Recipe from Betty Crocker's New Cookbook, 1996 version.

CHANGE I MADE:

  • I don't have a pan of that size, so I used my 9 X 9 square baker.
  • The recipe calls for you to make the sauce yourself; I have neither the time nor the inclination for that, so I used jarred spaghetti sauce.

THINGS I LEARNED:

  • This was a lot of work.
  • No one in my family likes eggplant.
  • I have no idea when an eggplant is ripe.
  • Making a second dinner is easier when the oven is already warm.

OVERALL OPINIONS:

Bill: Hated it. Took two or three bites.

Me: Hated it. It was just plain weird. I would like to think that I just let the eggplant overripen, but I'm not sure that's the case. I've had eggplant before (years ago in Italy), and I enjoyed it then, but this was dreadful.
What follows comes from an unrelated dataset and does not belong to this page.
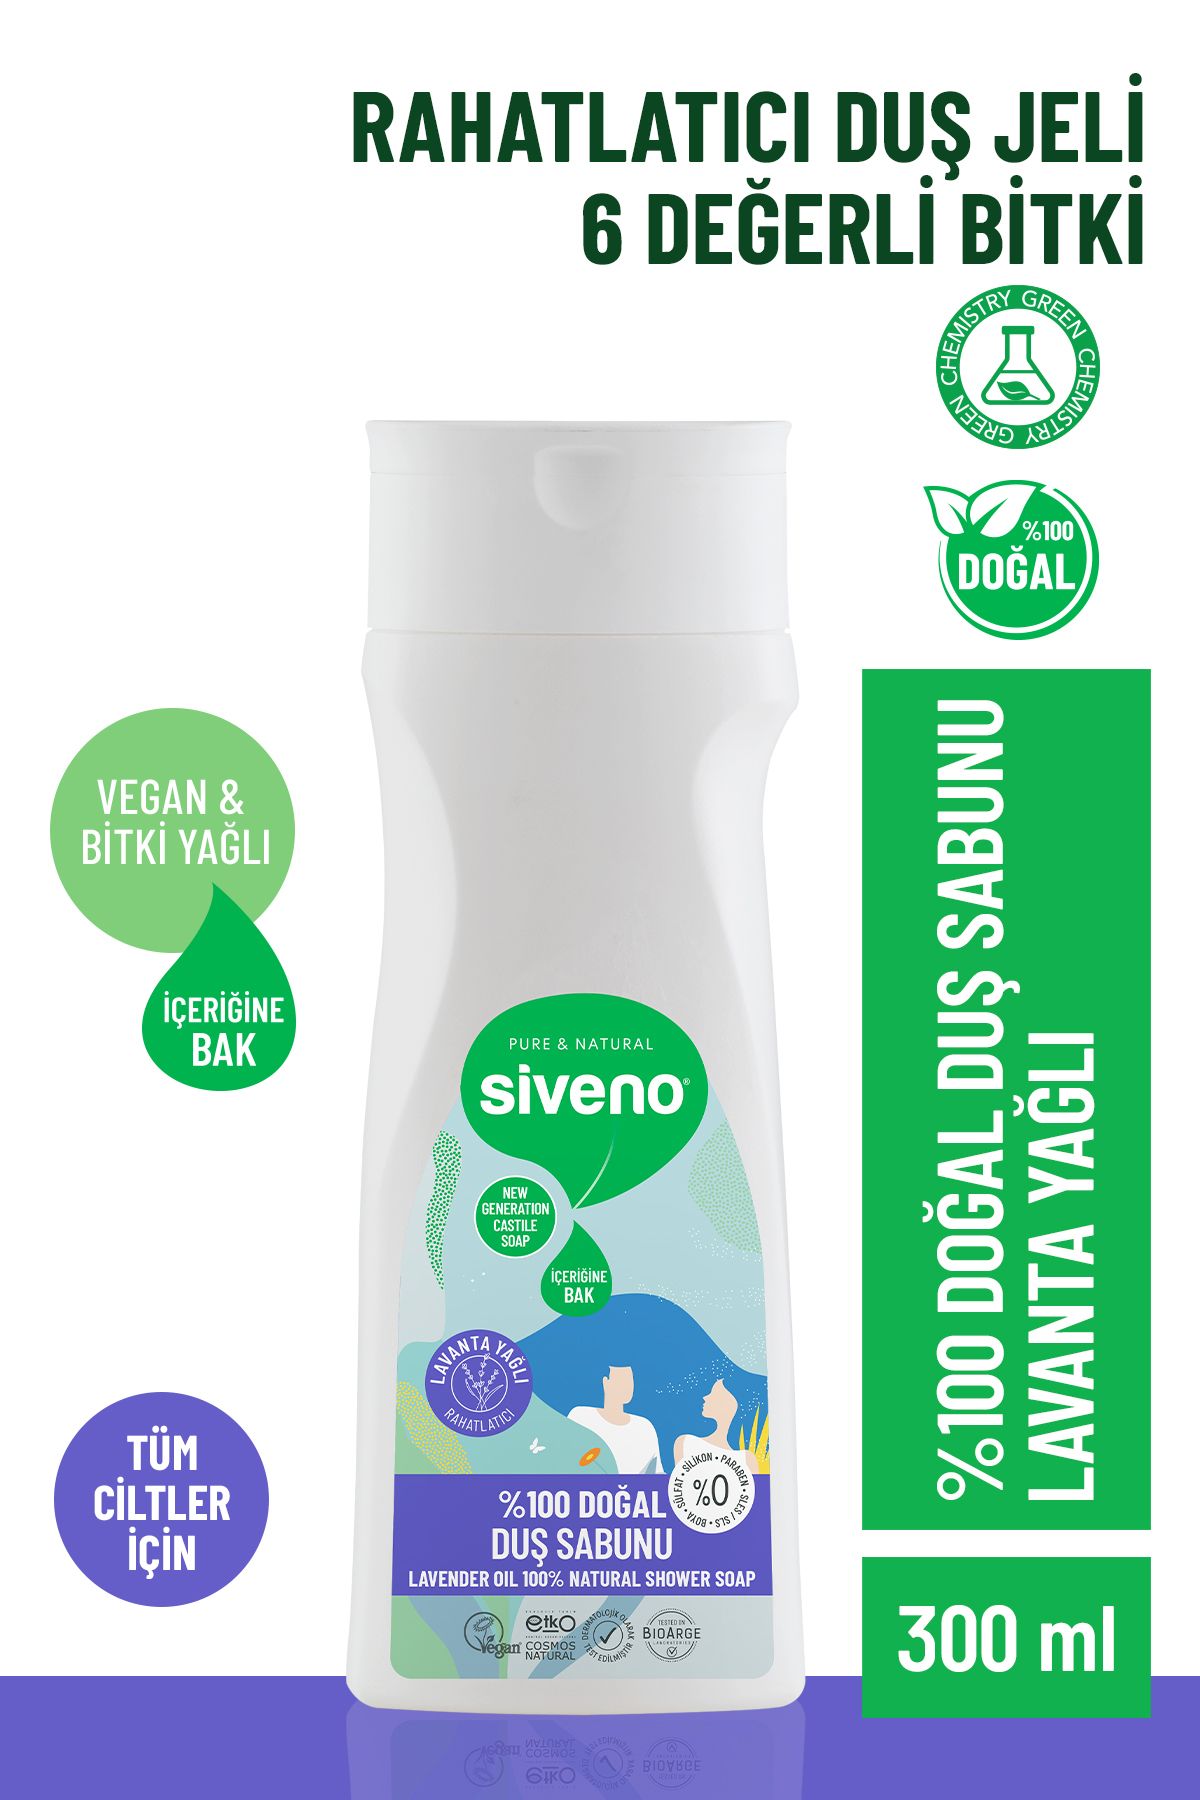 Siveno %100 Doğal Duş Sabunu Lavanta Kokulu Rahatlatıcı Duş Jeli 6 Değerli Bitki Vegan 300 ml

Georgia: Wouldn't try it. We didn't make her.

Emma: Bless our little trooper. She just kept eating it, saying things like, "Well, it's not going to be my favorite, that's for sure." When Bill and I realized how bad it was, we told her she didn't have to keep eating it. Her response? "Oh, good. I don't really like it much."